Let n be the number of letters in the input and m be the number of letters in the alphabet.
input.scan(/[a-zA-Z]/).uniq.join
is O(n) + O(n) + O(n). Fortunately, you are doing this only once (when what the pattern to gsub is evaluated) Therefore, your complexity adds up to 2*O(m) + 3*O(n) + O(m) = O(max(n, m)).
On the other hand,
input.downcase.include?(letter)
is O(n), but it is executed for each letter in the alphabet, leaving you with O(m*n) + O(m) = O(m*n).
Therefore, the first solution is asymptotically better, as O(max(n, m)) < O(m*n).
That is unless you consider the number of letters in the alphabet a small constant, in which case they are both O(n) and it's just a matter of benchmarking.
You can see that both are linear:
Running 100_000 iterations on a random 1000 letter string gave the following results (using cruby 2.2.2):
user system total real
36.160000 0.000000 36.160000 ( 36.182512)
3.910000 0.000000 3.910000 ( 3.915191)
So in practice, the second solution is far superior.

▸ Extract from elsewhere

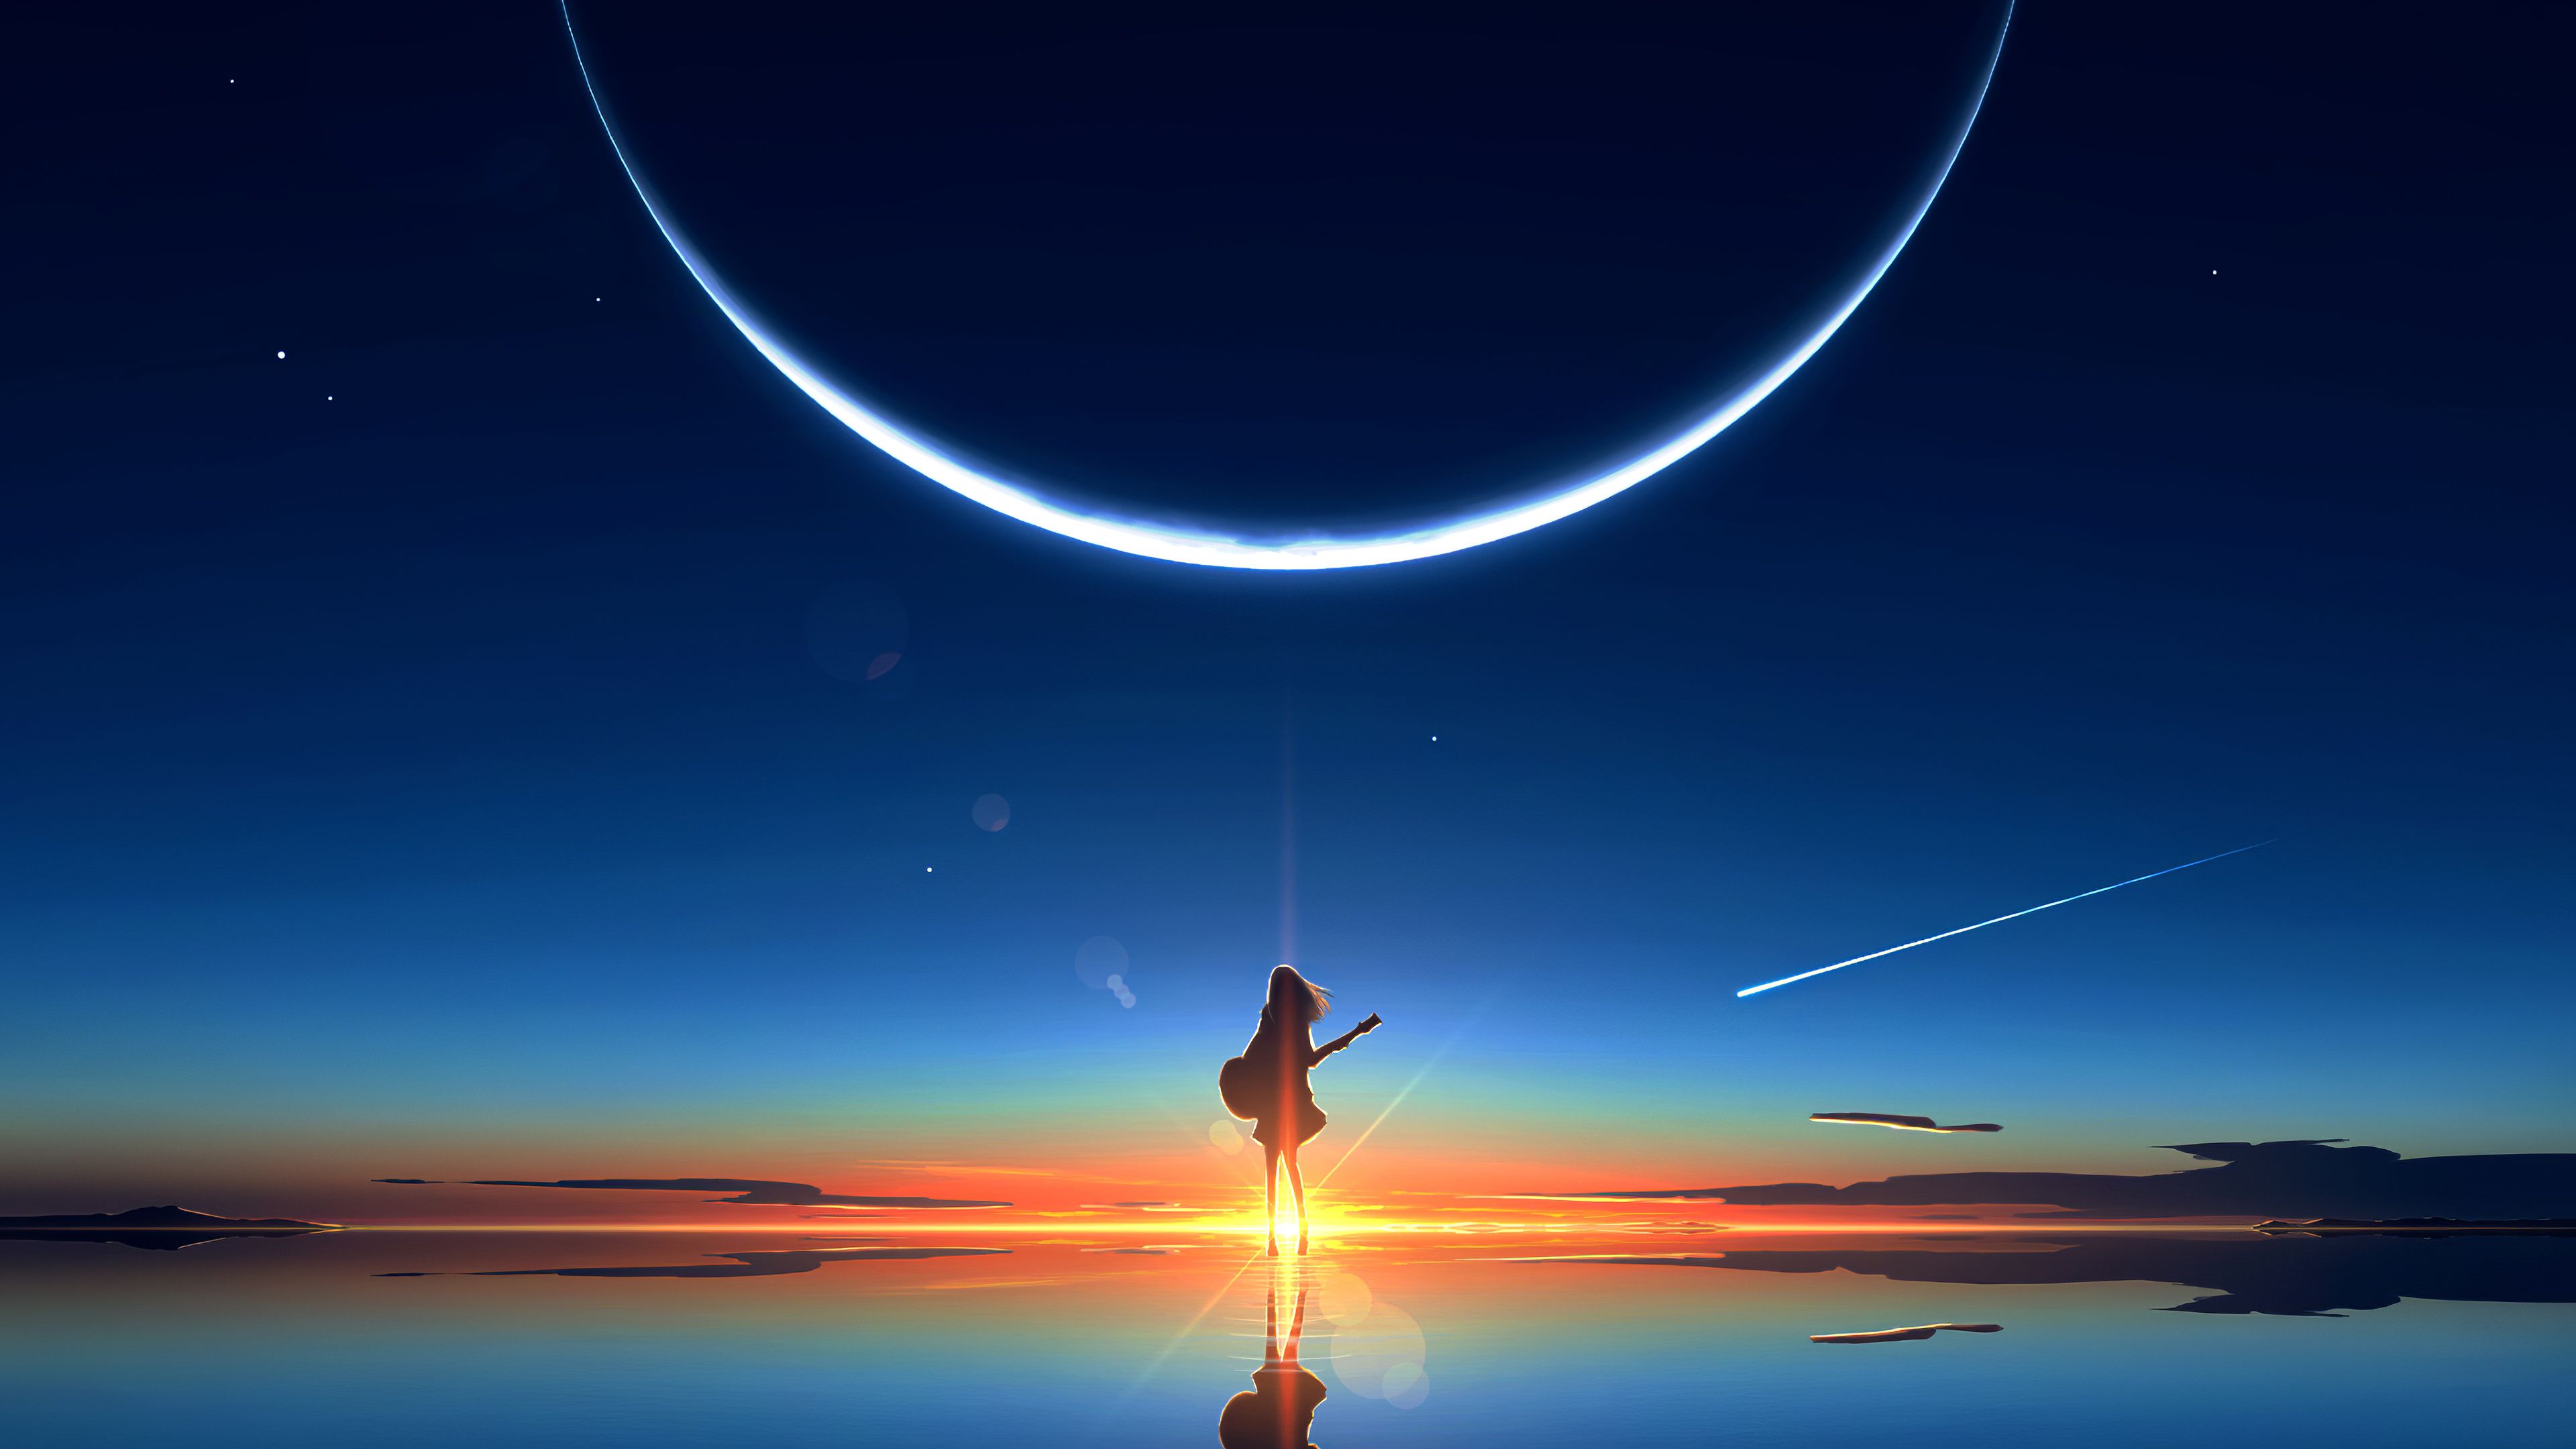 Earth Planet Space View Moon Anime Stock Illustration 1620511159   Shutterstock

It is also way more readable.
Not really an answer to your question (which one is the most efficient) but an idea that uses binary arithmetic and the ascii table:
def change input
res = 0
input.each_byte { |c|
res |= c.between?(97,122) ? 1<<(122-c) : c.between?(65,90) ? 1<<(90-c) : 0
}
"%026b" % res
end
s = "Portez ce vieux whisky au juge blond qui fume"
puts change s
This code uses the ascii ranges 97-122 for lower-case letters and 65-90 for upper case letters. each_byte returns the ascii code c for each letters. If a letter is lower case (for example x) 122-c returns 122-120 so 2 that is the position of the corresponding bit. 1<<2 shift to the right the bits of the number 1 and you obtain 100 (binary), then the bitwise operator | (OR) with res gives 0 | 100 = 100 so 0000 0000 0000 0000 0000 0001 00 (without spaces and with leading zeros added).
Advantage: the string is parsed only once, there's no need to create an array and you only need one string manipulation (the formatted string at the end). The algorithm only uses operations that a processor is able to do very quickly.
Notices:
This code is able to deal with utf8 strings without modification since multibyte characters don't use values under 80 (Hex).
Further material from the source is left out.